The actual combat demonstration verification instructions are as follows:

Create test table text_test where id and context are type int(11) and text:

mysql> create table text_test(id int(11),context text);
Query OK, 0 rows affected
Copy the code

Insert a large number of data into the text_test table.

The repeat function is used to copy strings

mysql> insert into text_test(id.context) values(1.repeat('xcbeyond'.1000));
Query OK, 1 row affected

mysql> insert into text_test(id.context) values(2.repeat('xcbeyond'.1000));
Query OK, 1 row affected

mysql> insert into text_test(id.context) values(3.repeat('xcbeyond'.1000));
Query OK, 1 row affected

mysql> insert into text_test(id.context) values(4.repeat('xcbeyond'.1000));
Query OK, 1 row affected

mysql> insert into text_test(id.context) values(5.repeat('xcbeyond'.1000));
Query OK, 1 row affected

mysql> insert into text_test(id.context) values(6.repeat('xcbeyond'.1000)); Query OK, 1 row affected......Copy the code

Select * from text_test; select * from text_test;

2020/03/07 Sat 15:58 540,672 text_test.ibdCopy the code

The data file size shown here is 540Kb.

Alter table text_test alter table text_test alter table text_test alter table text_test

mysql> delete from text_test where id < 10;
Query OK, 9 rows affected
Copy the code

5) Check the physical file size of text_test here:

2020/03/07 Sat 16:05 573,440 text_test.ibdCopy the code

Strangely, the data file size did not decrease as a result of deleting data, but actually increased a bit.

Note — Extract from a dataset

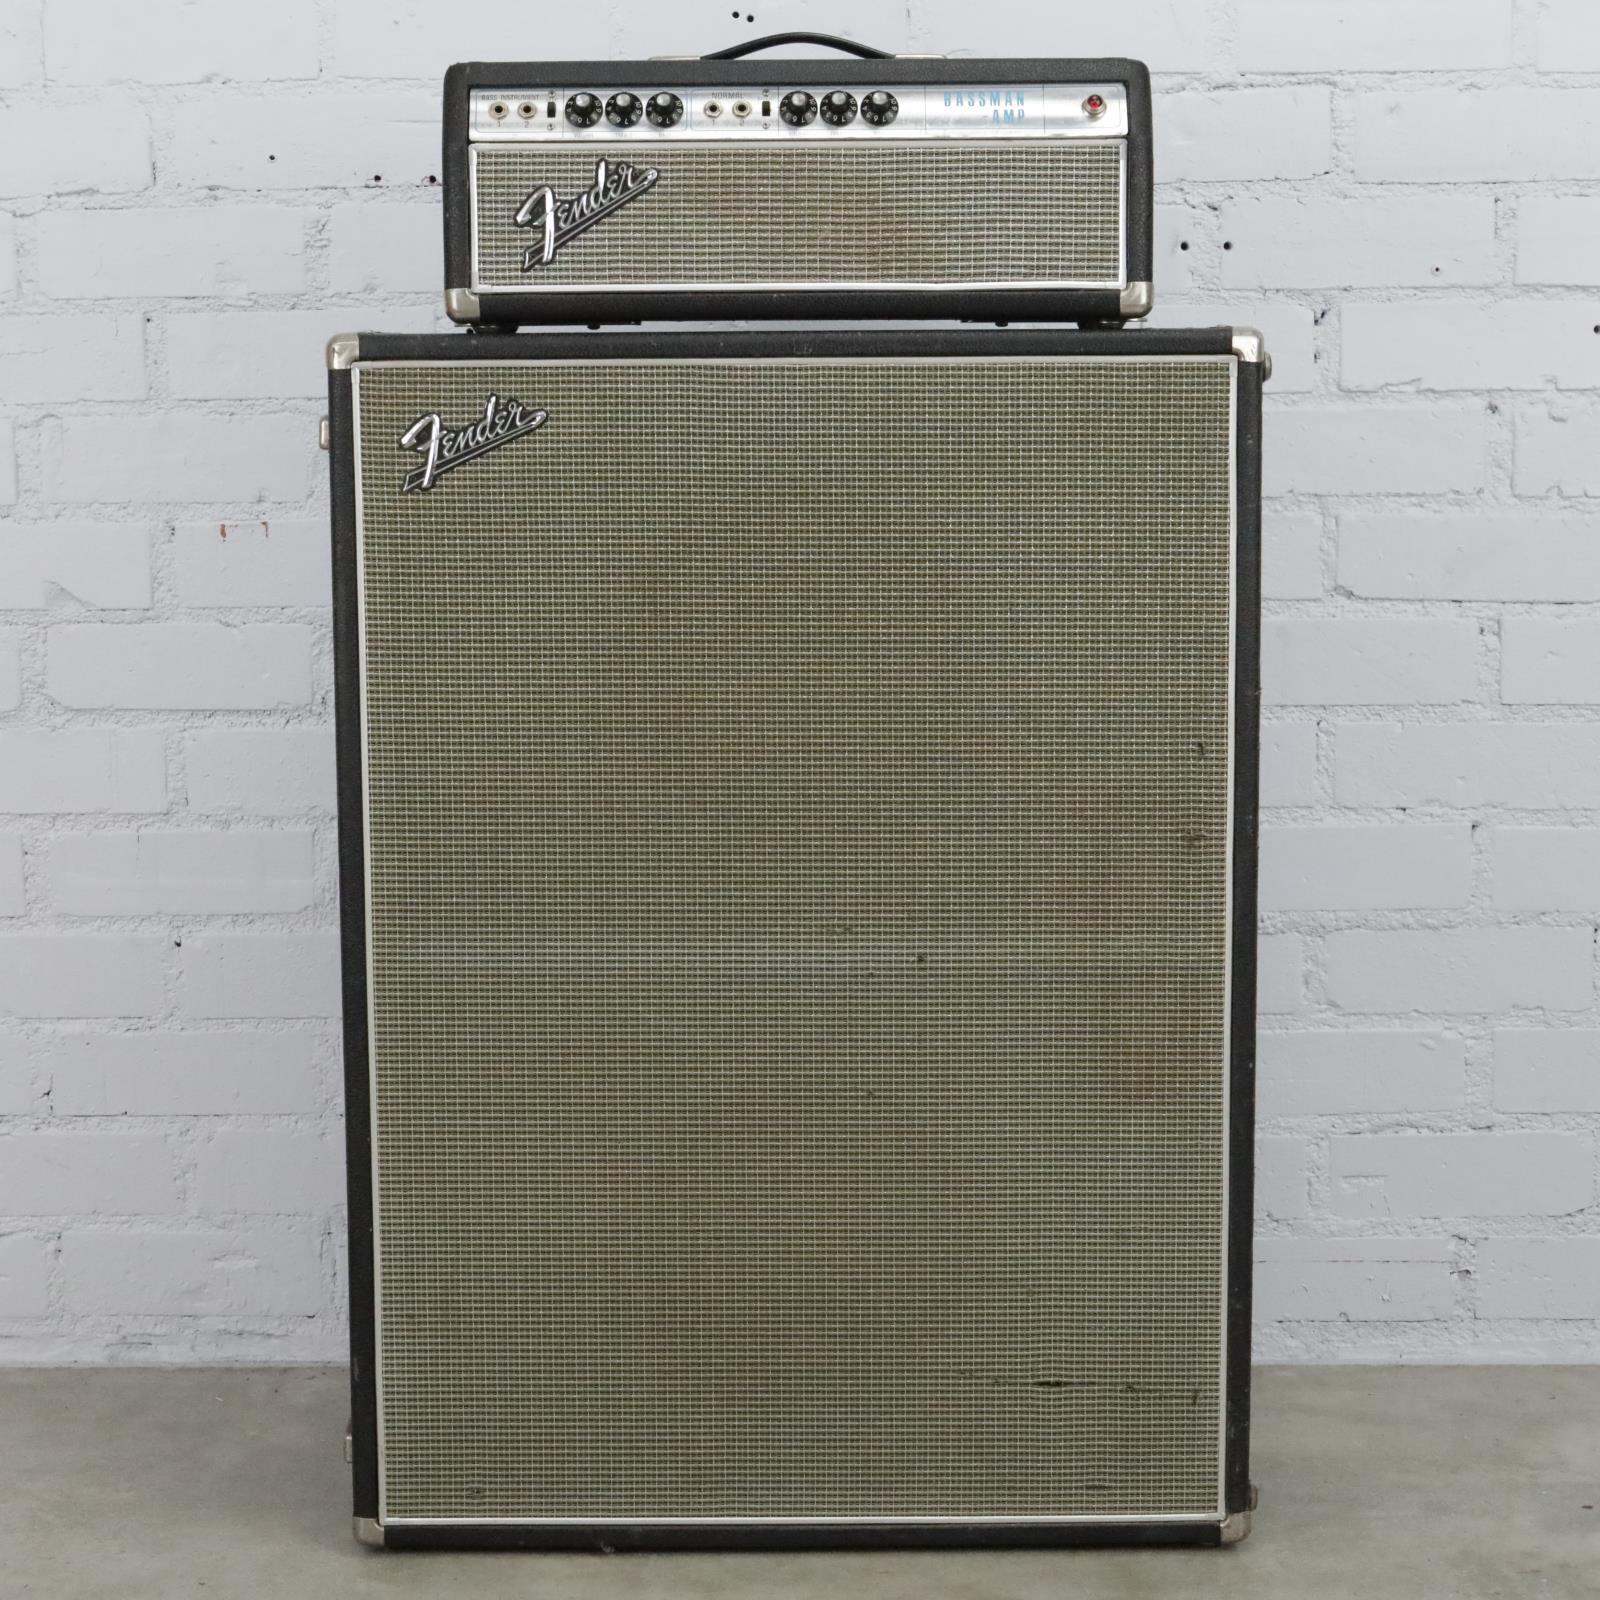 1968 Fender Bassman Amp Head & 2x15 Speaker Cabinet Guitar Bass Cab #40104
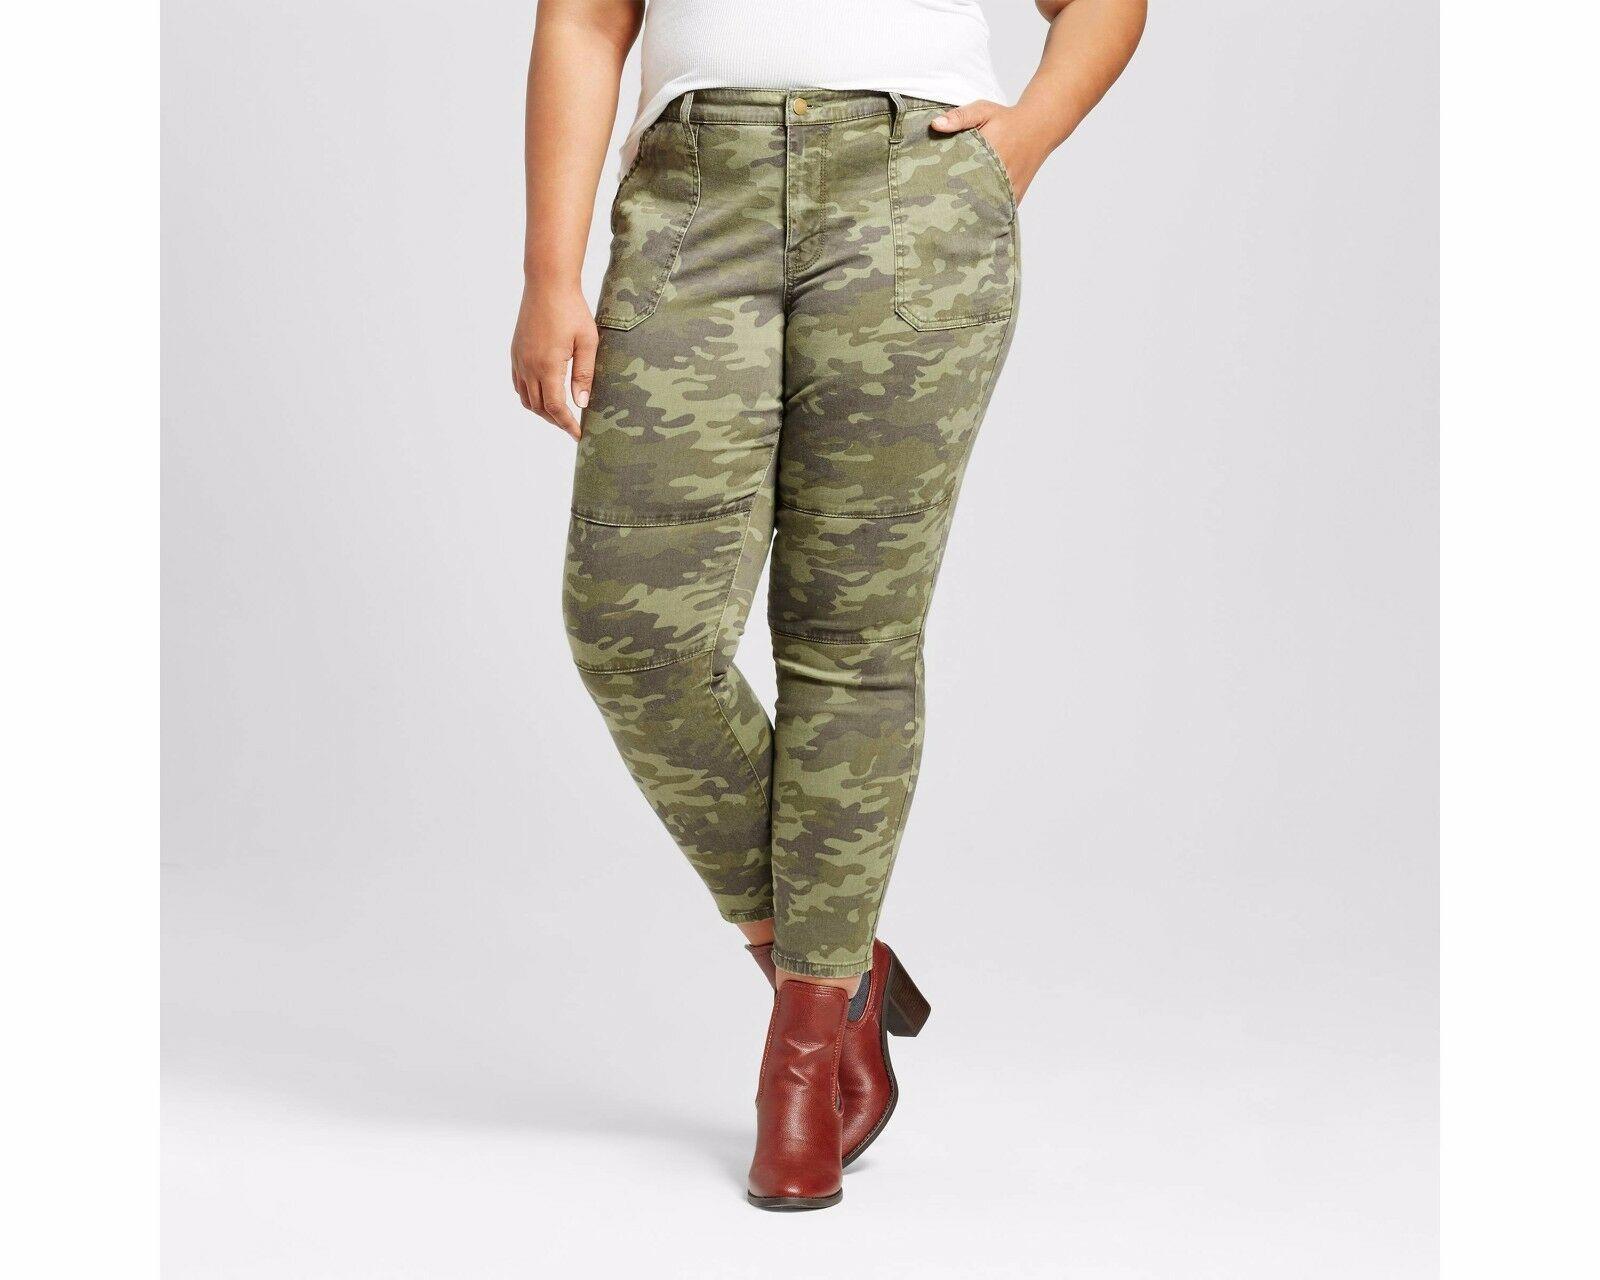 Ava /& Viv Women/'s Plus Size Stretch Skinny Jeans Olive Color Various Sizes

Select table TEXt_test with OPTIMIZE:

mysql> optimize table text_test;
+----------------+----------+----------+-------------------------------------------------------------------+
| Table          | Op       | Msg_type | Msg_text                                                          |
+----------------+----------+----------+-------------------------------------------------------------------+
| test.text_test | optimize | note     | Table does not support optimize, doing recreate + analyze instead |
| test.text_test | optimize | status   | OK                                                                |
+----------------+----------+----------+-------------------------------------------------------------------+
2 rows in set
Copy the code

Select * from text_test; select * from text_test;

2020/03/07 Sat 16:08 458,752 text_test.ibdCopy the code

You can see that the data file size of the table is reduced, indicating that the “empty” space has been reclaimed.

2. Use synthetic indexes to improve large text fields (TEXT,BLOBType) query performance

A composite index is a hash value created from the contents of a large text field and stored in a separate column of data, which can then be retrieved to find the row.

Note, however, that this technique can only be used for queries that match exactly (hash values are not useful for range search operators such as < or >=). You can use the MD5() function to generate the hash value, use SHA1() or CRC32(), or use your own application logic to calculate the hash value. Remember that numeric hash values can be stored efficiently. Similarly, if the hash algorithm generates strings with trailing whitespace, do not store them in CHAR or VARCHAR columns, which are affected by trailing whitespace removal. Synthesized hash indexes are especially useful for BLOB or TEXT data columns. Lookup with hash identifier values is much faster than searching the BLOB column itself.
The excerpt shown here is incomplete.